Baseline: The line connecting the two camera centers
Epipole: The point where the baseline intersects each image plane (where one camera "sees" the other camera's center)
Epipolar Line: The line on which a corresponding point must lie
Epipolar Plane: The plane containing the baseline and a 3D point

🔄 Stereo Rectification

Rectification is a transformation that simplifies stereo matching by warping both images so that corresponding epipolar lines become horizontal and aligned.

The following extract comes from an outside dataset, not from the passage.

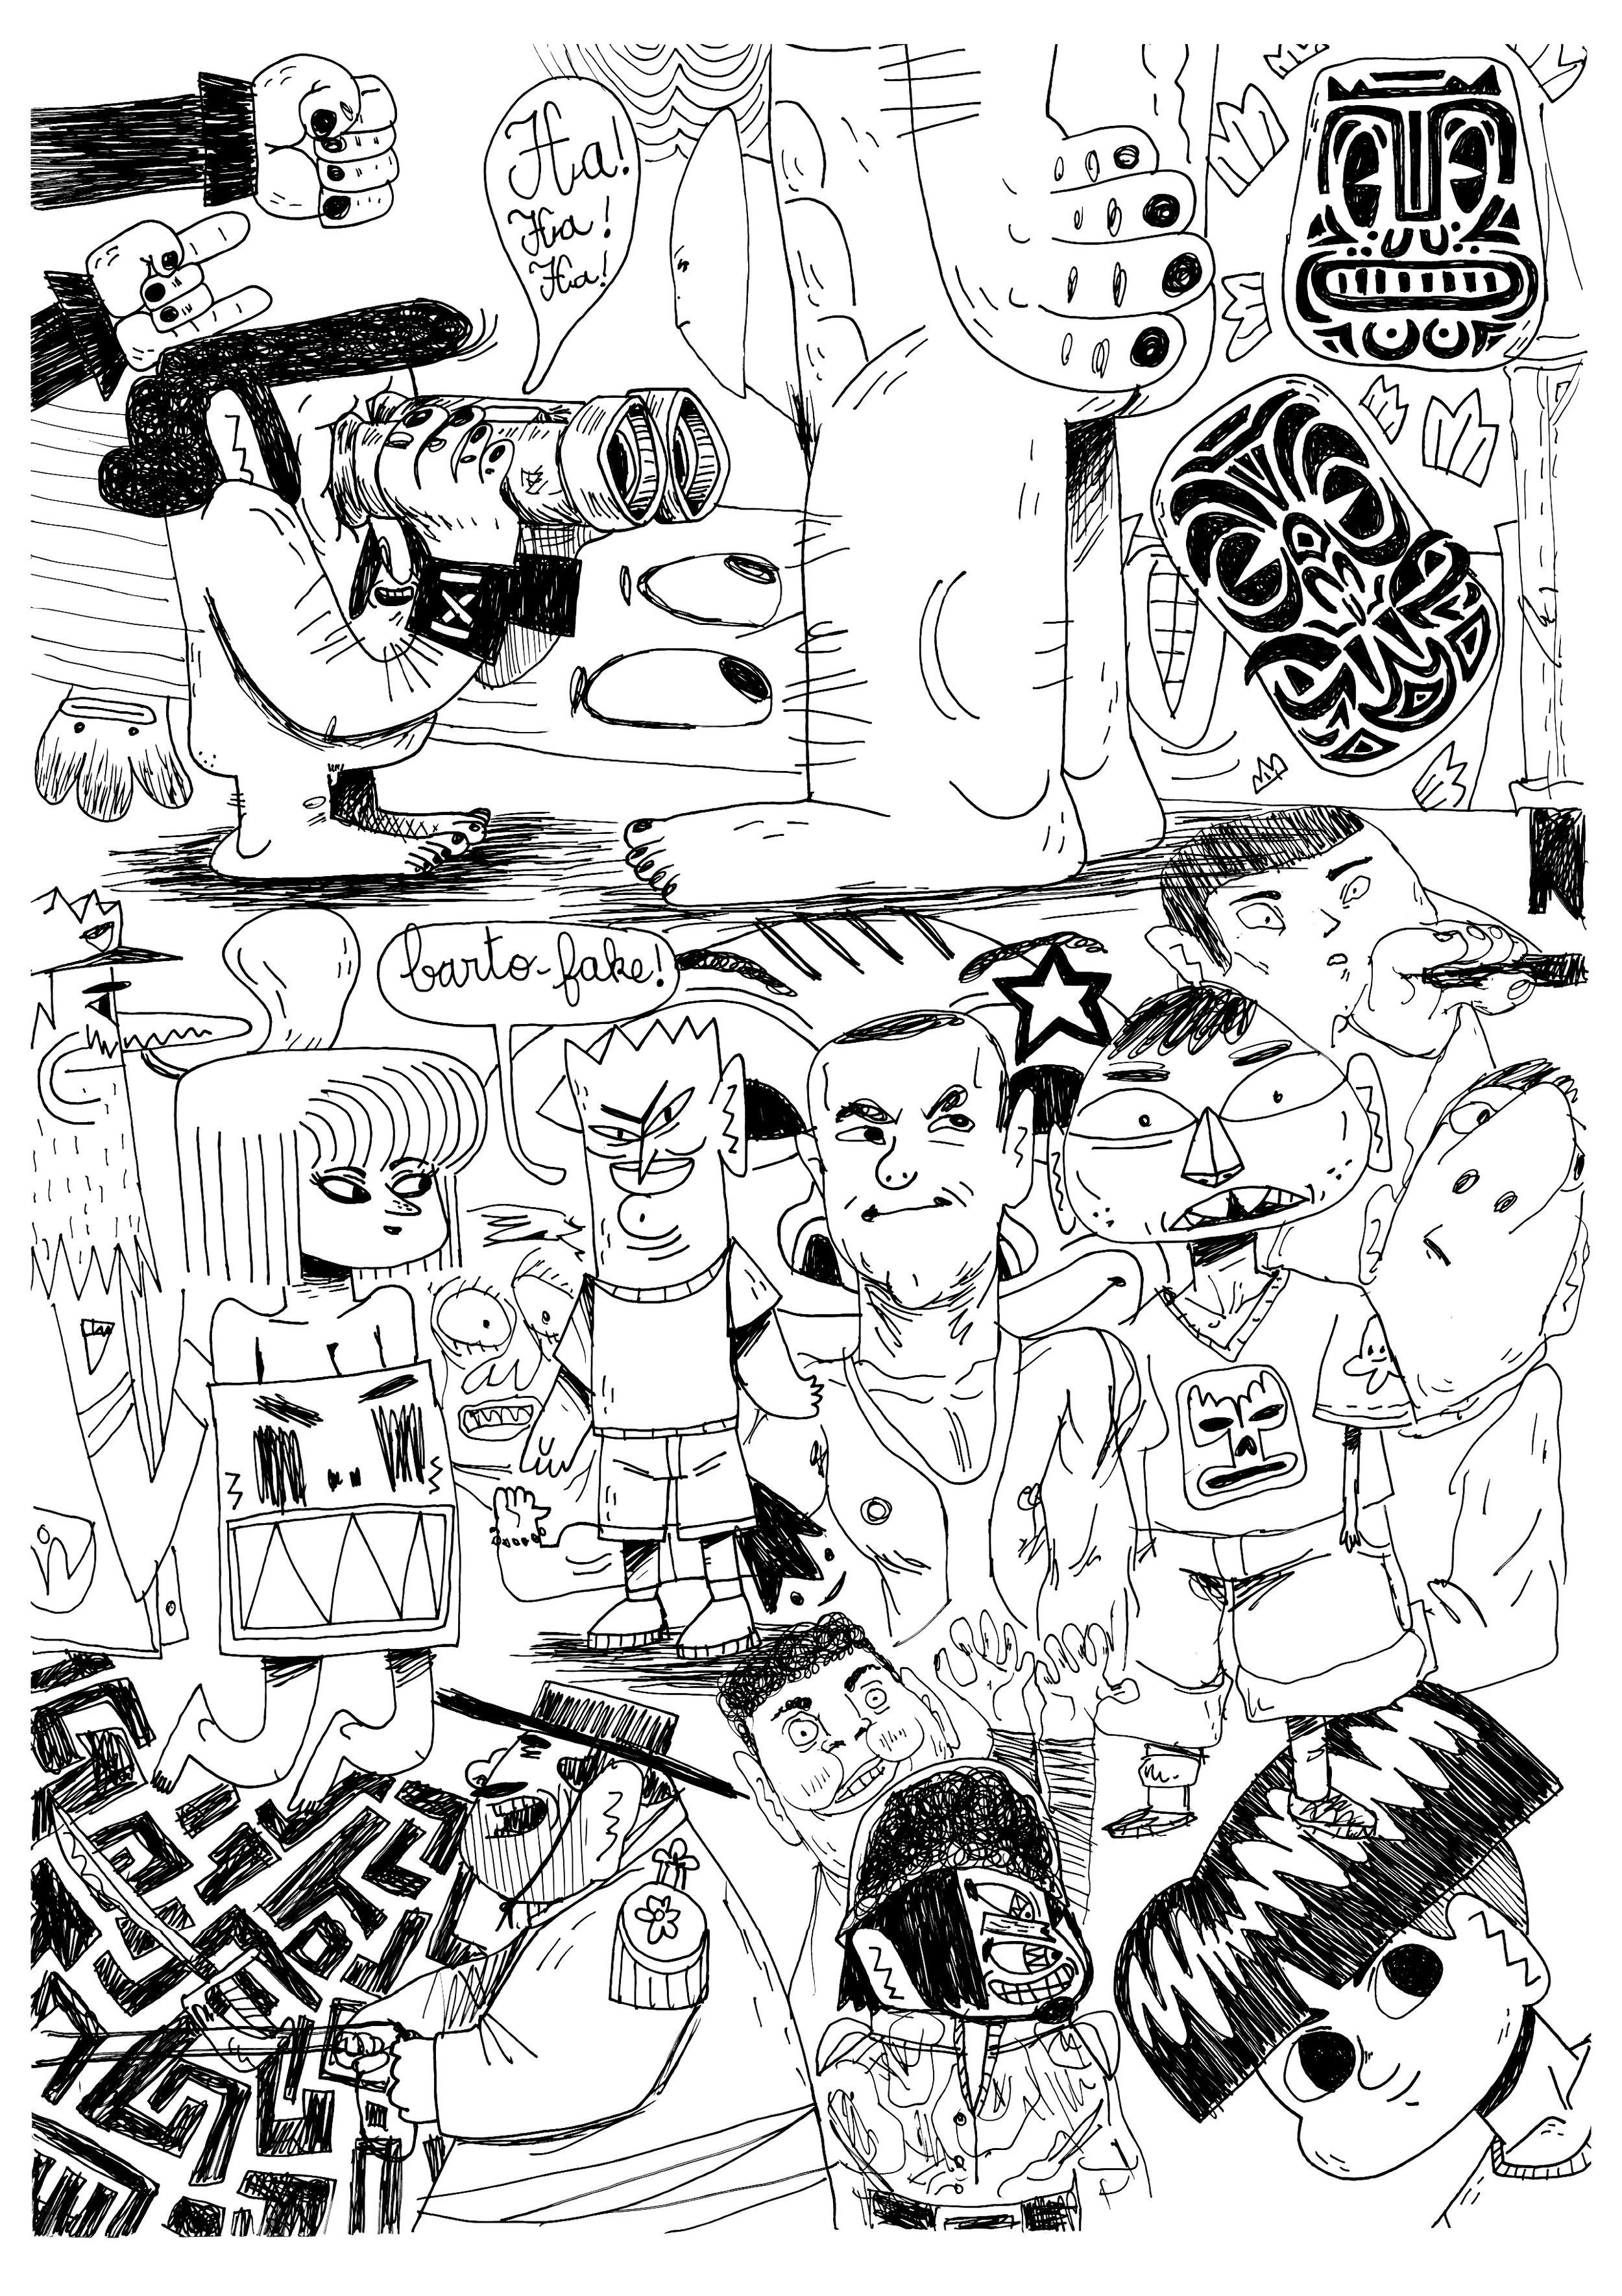 Pascal_Zaffiro_Doodle_35.jpg

                Why Rectify? After rectification, corresponding points in the left and right images lie on the same row. This reduces the 2D search problem to a 1D search along horizontal lines, dramatically simplifying and speeding up stereo matching algorithms.
            

The Rectification Process

Compute the fundamental/essential matrix describing the epipolar geometry between cameras
Find homography matrices H_L and H_R that transform each image
Apply the transformations to warp both images
Result: Epipolar lines become horizontal scan lines

Properties of Rectified Images

All epipolar lines are horizontal
Corresponding epipolar lines have the same vertical coordinate
The epipoles are at infinity (parallel epipolar lines)
Stereo matching becomes a 1D search problem

📊 Mathematical Foundation

The Fundamental Matrix

The fundamental matrix F encodes the epipolar geometry between two uncalibrated cameras. For corresponding points p and p':

p'^T F p = 0

This equation states that if p and p' are projections of the same 3D point, they satisfy this constraint.

The Essential Matrix

When cameras are calibrated (intrinsic parameters known), we use the essential matrix E which relates normalized image coordinates. The relationship is:

E = K'^T F K

where K and K' are the camera intrinsic matrices.

Epipolar Lines from the Fundamental Matrix

Given point p in left image, the epipolar line in right image is: l' = Fp
Given point p' in right image, the epipolar line in left image is: l = F^Tp'

🔢 The Homography Matrix

A homography (or projective transformation) is a 3×3 matrix H that maps points from one plane to another. It's the most general linear transformation that preserves straight lines, making it fundamental for image rectification, panorama stitching, and perspective correction.

The Transformation: A point (x, y) is transformed to (x', y') using homogeneous coordinates:
                
                    [x', y', w']T = H · [x, y, 1]T

                    Then: xout = x'/w', yout = y'/w'

Matrix Structure & Color Coding

The 3×3 homography matrix can be decomposed into regions that control different aspects of the transformation:

Basic Transform Parameters

Linear Transforms (h₁₁, h₁₂, h₂₁, h₂₂)

The 2×2 upper-left submatrix controls linear transformations that preserve the origin:

Scale X & Y: Diagonal elements h₁₁ and h₂₂ control horizontal and vertical scaling. Values >1 enlarge, <1 shrink.
Shear X: Element h₁₂ skews the image horizontally (slants vertical lines)
Shear Y: Element h₂₁ skews the image vertically (slants horizontal lines)

Translation (h₁₃, h₂₃)

The rightmost column (excluding h₃₃) controls translation:

Translate X: Element h₁₃ shifts the image horizontally
Translate Y: Element h₂₃ shifts the image vertically

Perspective (h₃₁, h₃₂)

The bottom row elements create perspective (projective) effects—transformations that make parallel lines converge:

Perspective X: Element h₃₁ creates horizontal vanishing point effects
Perspective Y: Element h₃₂ creates vertical vanishing point effects

These parameters cause the divisor w' = h₃₁·x + h₃₂·y + h₃₃ to vary across the image, creating the characteristic perspective "foreshortening" effect.

Global Scale (h₃₃)

Element h₃₃ acts as a normalizing factor. Since homographies are defined up to scale, this is typically set to 1. Changing it uniformly scales all other parameters.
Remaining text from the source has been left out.